Consistent DAG selection for Bayesian causal discovery under general error distributions

Chaudhuri, Anamitra, Bhattacharya, Anirban, Ni, Yang

arXiv.org Machine Learning 

Learning causal structure in complex systems is a fundamental challenge across a broad range of disciplines, from traditional scientific fields to modern engineering and technology. Unlike conventional statistical methods that focus merely on correlation, the field of causal discovery primarily considers the problem of discovering the directionality and strength of causal relationships between variables, often from observational data. Thus, it has become a critical tool for researchers aiming to predict the effects of interventions on the systems, especially where controlled experimentation may be expensive, unethical, or even infeasible.
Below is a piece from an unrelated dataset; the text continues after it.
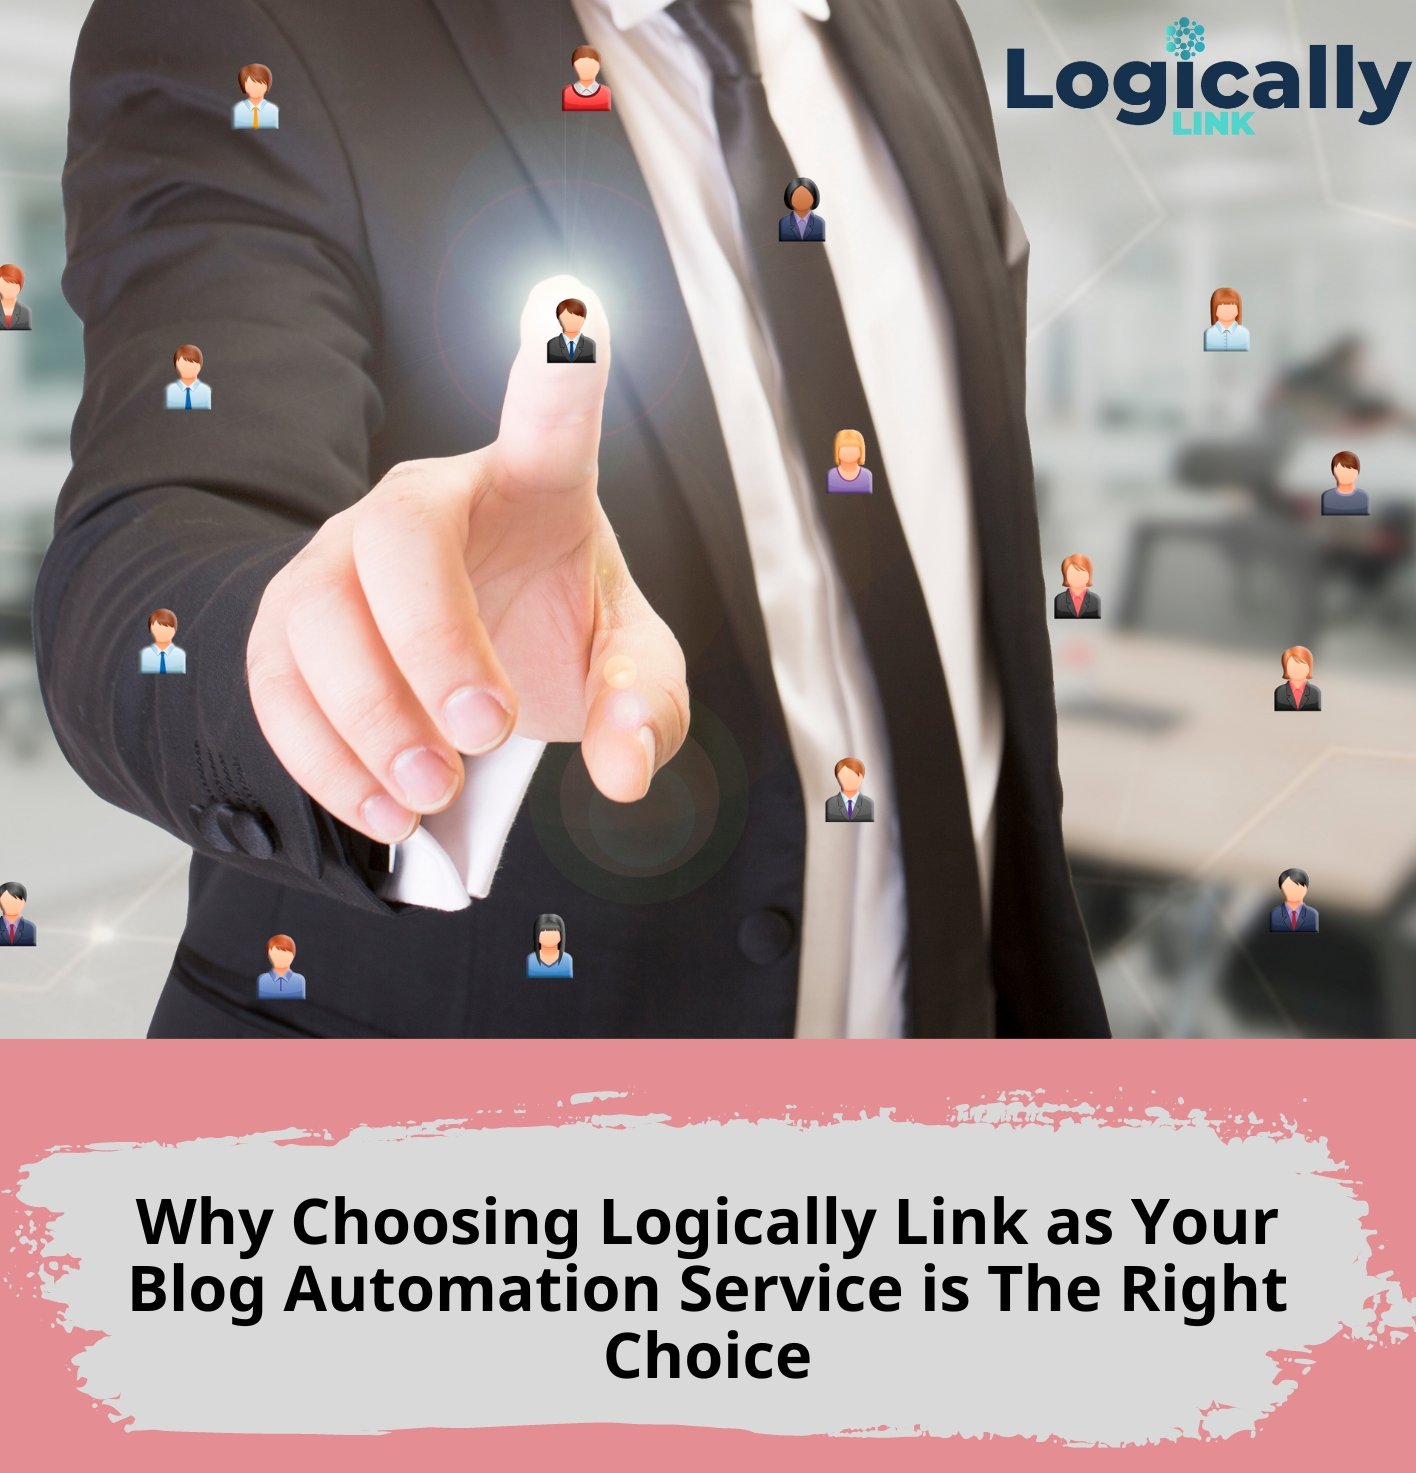 Why Choosing Logically Link as Your Blog Automation Service is The Right Choice

Such necessities arise not only in various areas of natural science, such as epidemiology [56], public health [65], genomics [14], neuroscience [86], and climate and environmental science [60], but also in numerous domains in social science, such as psychology [50], philosophy [26], and economics [37]. Moreover, with recent advances in science and technology and the increase in size and complexity of data generation processes, causal discovery has acquired significant relevance in the fields of machine learning [63] and artificial intelligence [81, 82] through various emerging areas such as causal representation learning [64, 85], causal transfer learning [83], causal algorithmic fairness [84], and causal reinforcement learning [5]. This work focuses on learning causal structures from purely observational data within the framework of causal Bayesian networks, which are widely used to represent causal relationships among variables through directed acyclic graphs (DAGs). This is, in general, a nontrivial and difficult task due to the vast number of potential DAG structures and multiple DAGs representing the same set of conditional independence relationships. In fact, DAGs are generally identifiable only up to their corresponding Markov equivalence class, in which all DAGs encode the same conditional independencies [31].